*WHAT TO DO*. The listing below should be reproduced exactly, with the pictures omitted.

*RECORDED INFORMATION*.
● ● ●

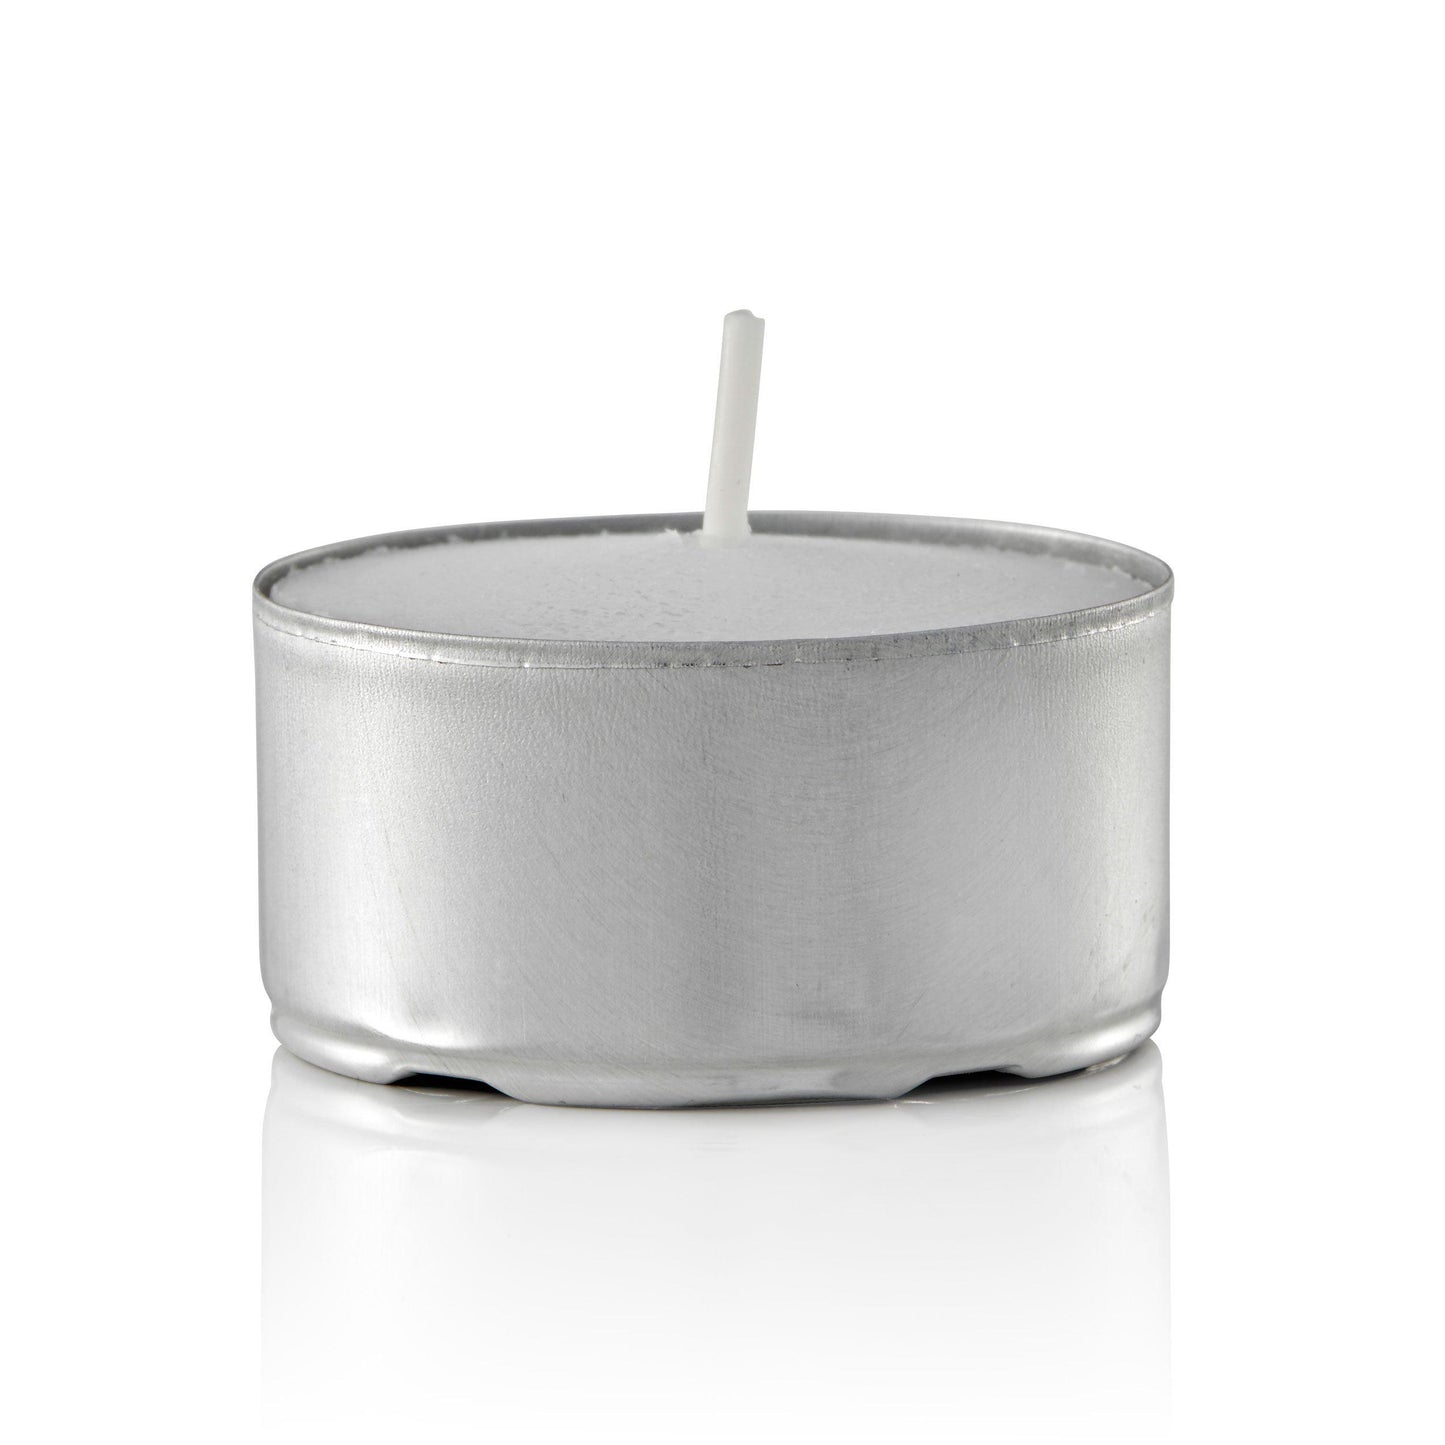 7 Hour Tealight Candles in Metal Cups, White, Unscented, Set of 400-tealight candles-TableTopLighting.com
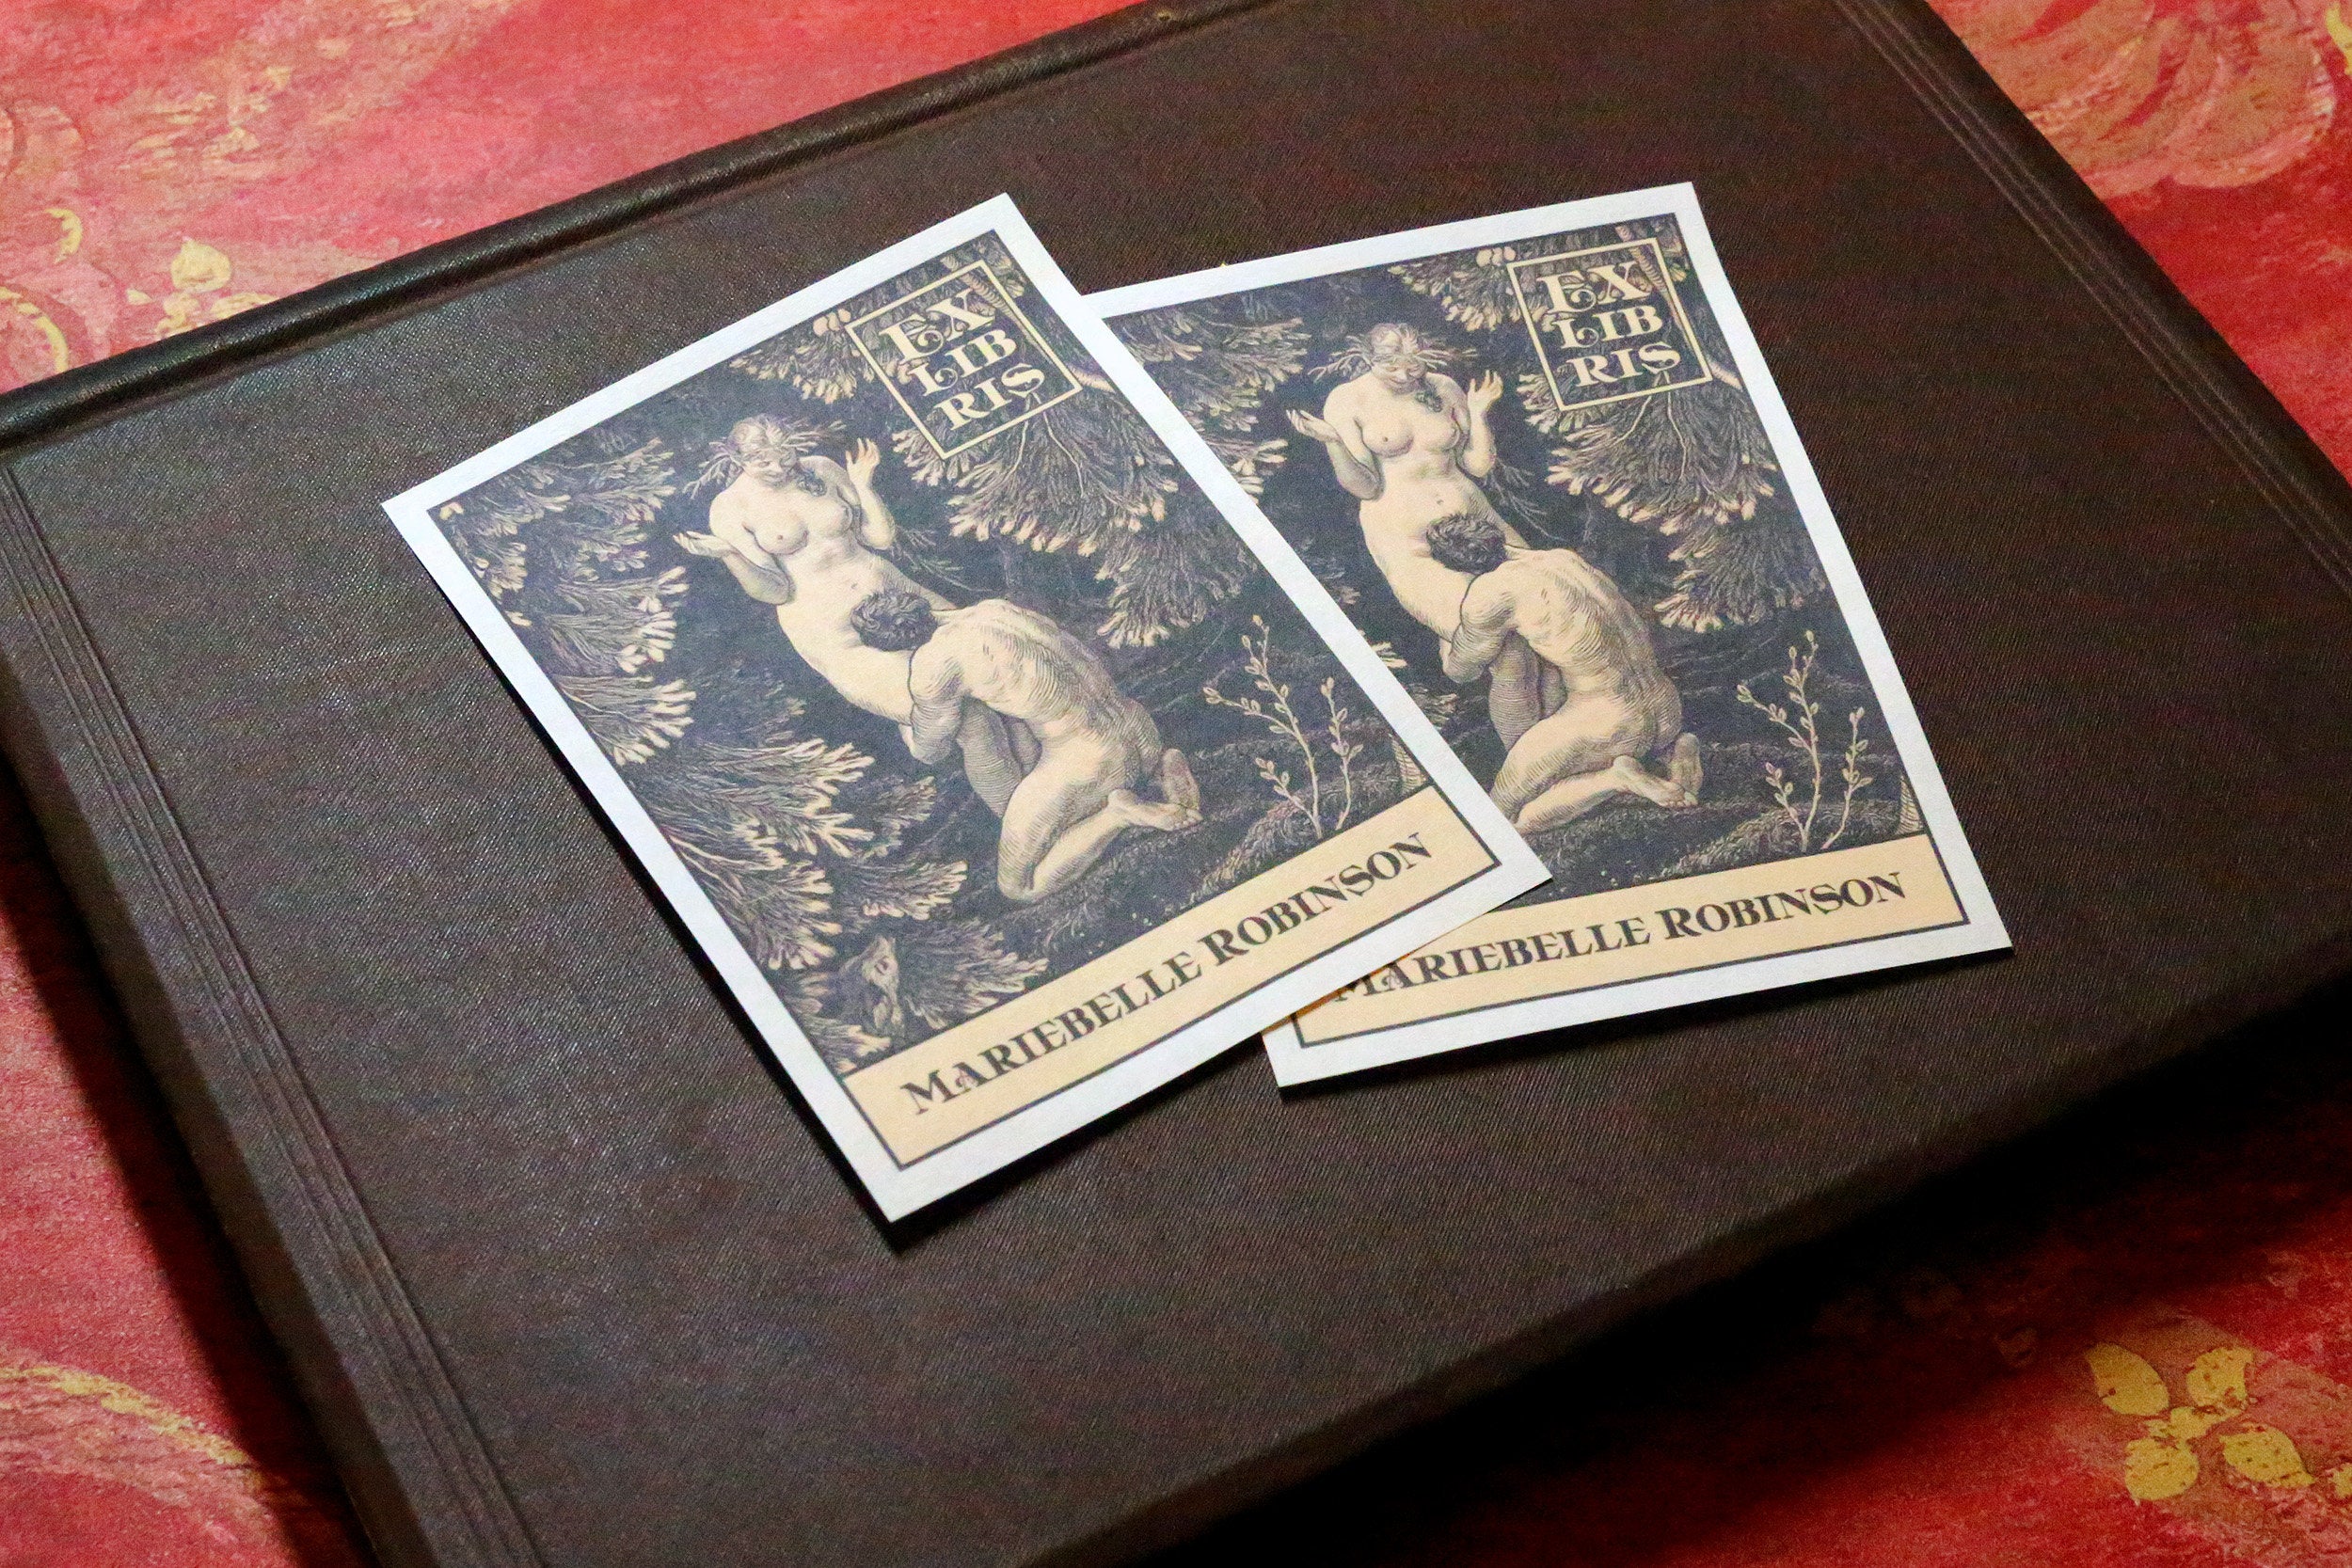 In Paradise, Personalized Erotic Ex-Libris Bookplates, Crafted on Traditional Gummed Paper, 3in x 4in, Set of 30
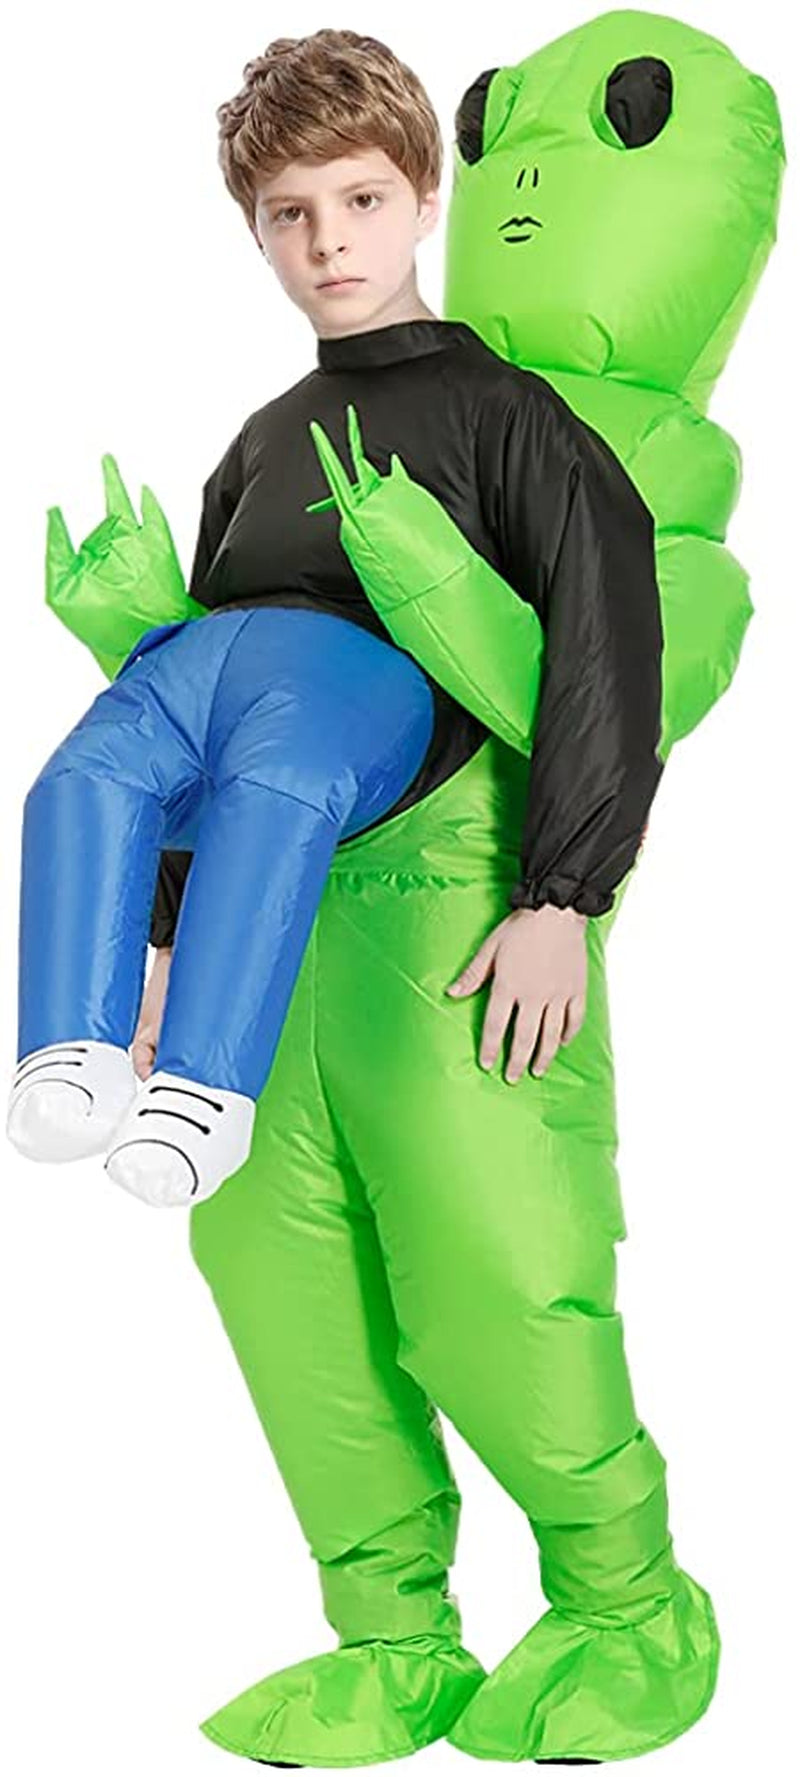 Poptrend Inflatable Alien Costume Inflatable Halloween Costumes Blow up Alien Costume for Halloween, Easter,Christmas…  Poptrend Teens Alien

● ● ●

*EXERCISE RESULT*.
 7 Hour Tealight Candles in Metal Cups, White, Unscented, Set of 400-tealight candles-TableTopLighting.com
 In Paradise, Personalized Erotic Ex-Libris Bookplates, Crafted on Traditional Gummed Paper, 3in x 4in, Set of 30
 Poptrend Inflatable Alien Costume Inflatable Halloween Costumes Blow up Alien Costume for Halloween, Easter,Christmas…  Poptrend Teens Alien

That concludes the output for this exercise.